A barn find is a classic car, aircraft or motorcycle that has been rediscovered after being stored, often in derelict condition. The term comes from their tendency to be found in places such as barns, sheds, carports and outbuildings where they have been stored for many years. The term usually applies to vehicles that are rare and valuable, and which are consequently of great interest to collectors and enthusiasts despite their poor condition. Barn finds can fetch high prices when sold. A 1967 Ferrari 330 GTS spider was sold for US$2.1 million in January 2014. The car had suffered an engine fire in 1969 and had been stored in a garage for 44 years. Despite this, it sold for more than a fully restored example sold in 2013. In the past, barn-find vehicles were typically subjected to exhaustive restoration, to return them to a condition close to that when they were built. However, the current trend is to treat the cars more sympathetically, to avoid restoration that removes evidence of the car's history and to place greater value on any original features the car retains even if they're in poor condition. In some cases, intense restoration can actually lower a car's value.
Examples
In 1952, the eventual founder of the Old Rhinebeck Aerodrome living aviation museum, Cole Palen, had the remains of a 1910-vintageBlériot XI aircraft donated to him by one Bill Champlin of Laconia, New Hampshire - the aircraft had lain derelict in a junkyard since it allegedly crashed in an early aviation meet in Saugus, Massachusetts before World War I, with the original finder, a Prof. H.H. Coburn, having seen the derelict Blériot in a junkyard in his boyhood, eventually acquired the remains of it and ended up donating it to Mr. Champlin, who donated it to Palen for restoration: currently N60094 is the second-oldest airworthy aircraft anywhere on Earth.
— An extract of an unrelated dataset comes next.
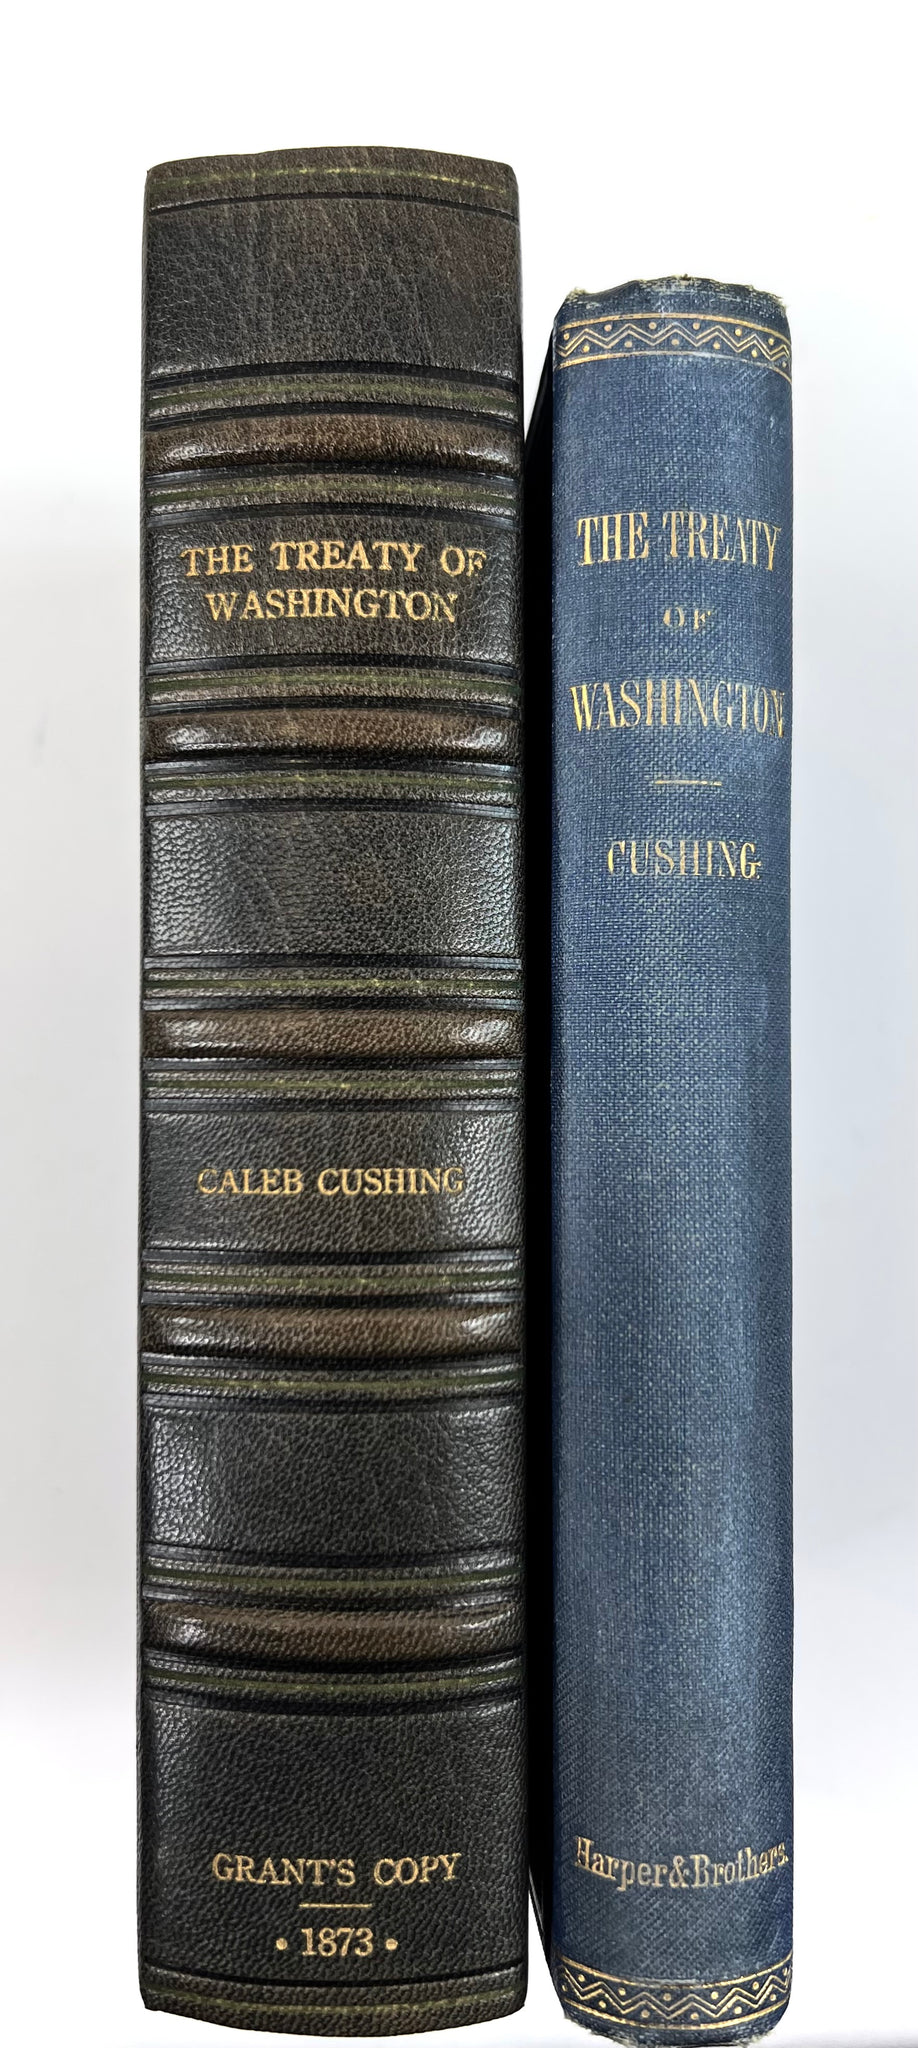 CUSHING, Caleb. The Treaty of Washington.
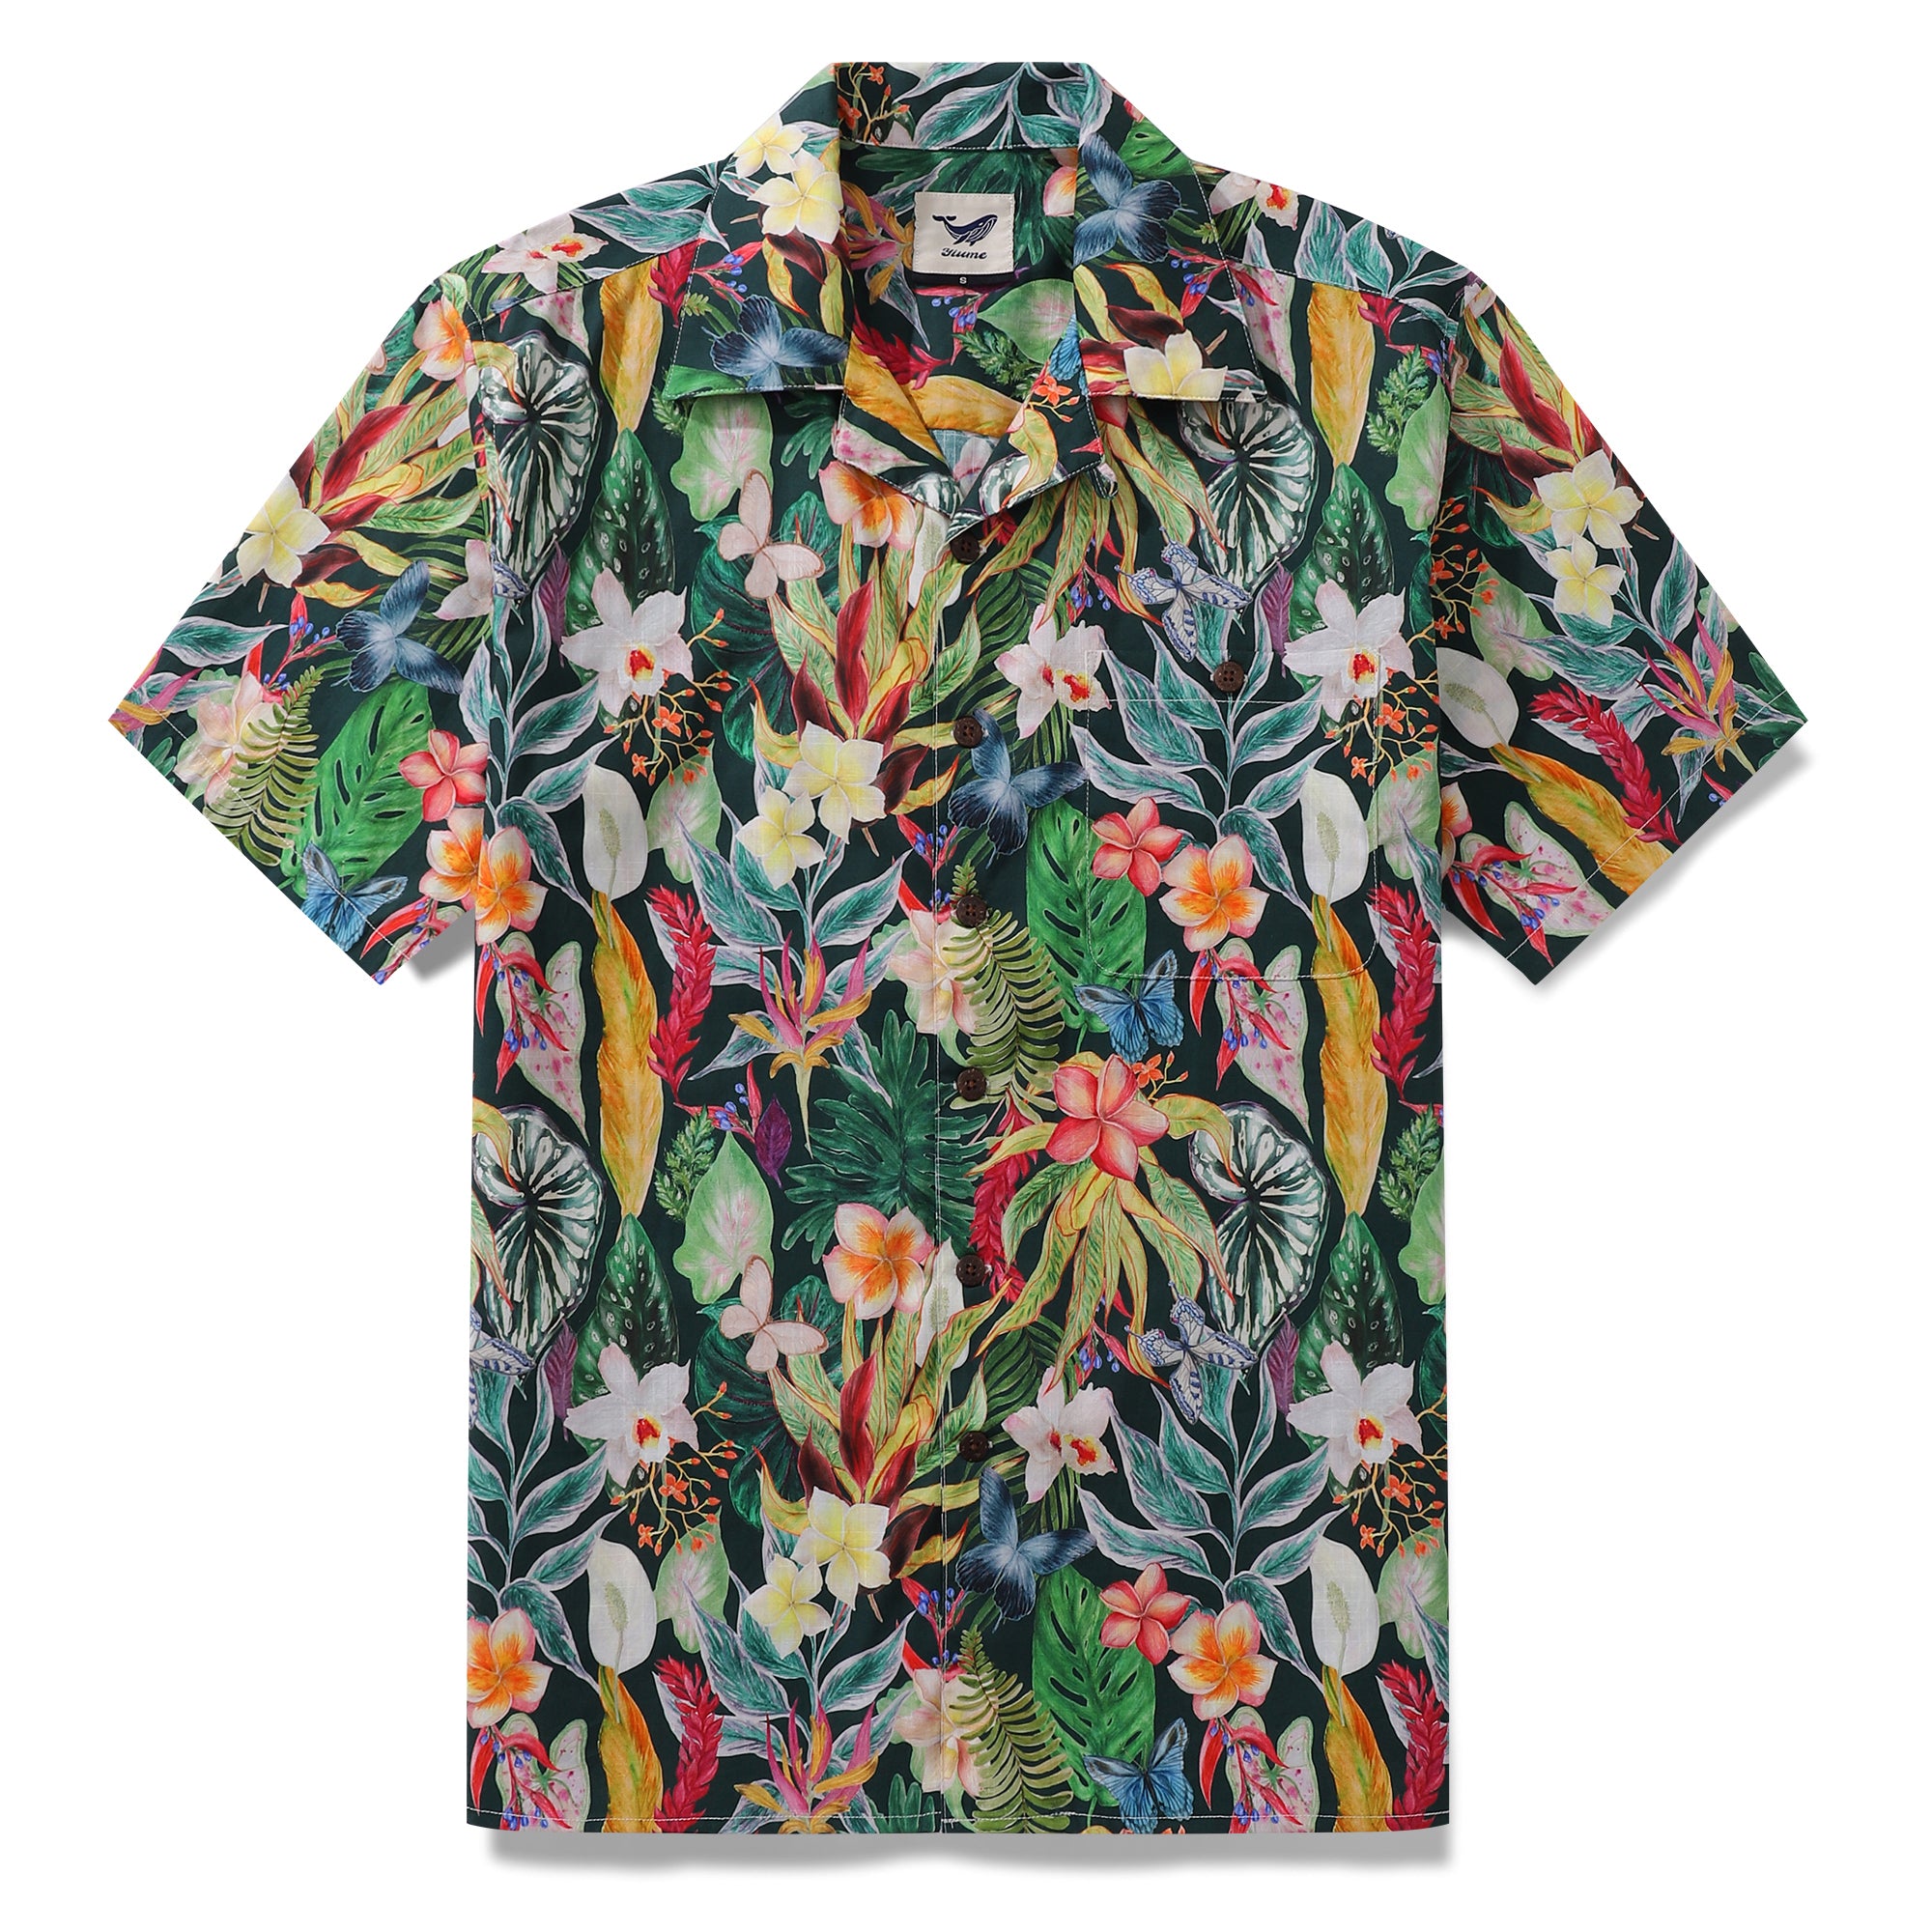 Hawaiian Tropical Shirt For Men Floral Butterfly Fantasy Shirt Camp Collar 100% Cotton

In 2015, five vehicles were sold that had been stored in a barn in Austin, Texas since the 1970s. These included three Cadillacs built between 1932 and 1938, a 1908 REOModel G and a 1923 Milburn Electric Model 27L.
The Grumman F8F Bearcat fighter known as Rare Bear was discovered in a derelict state next to a runway by Lyle Shelton, who restored it to flying condition and eventually modified it into a high-speed racer to compete in the Reno Air Races.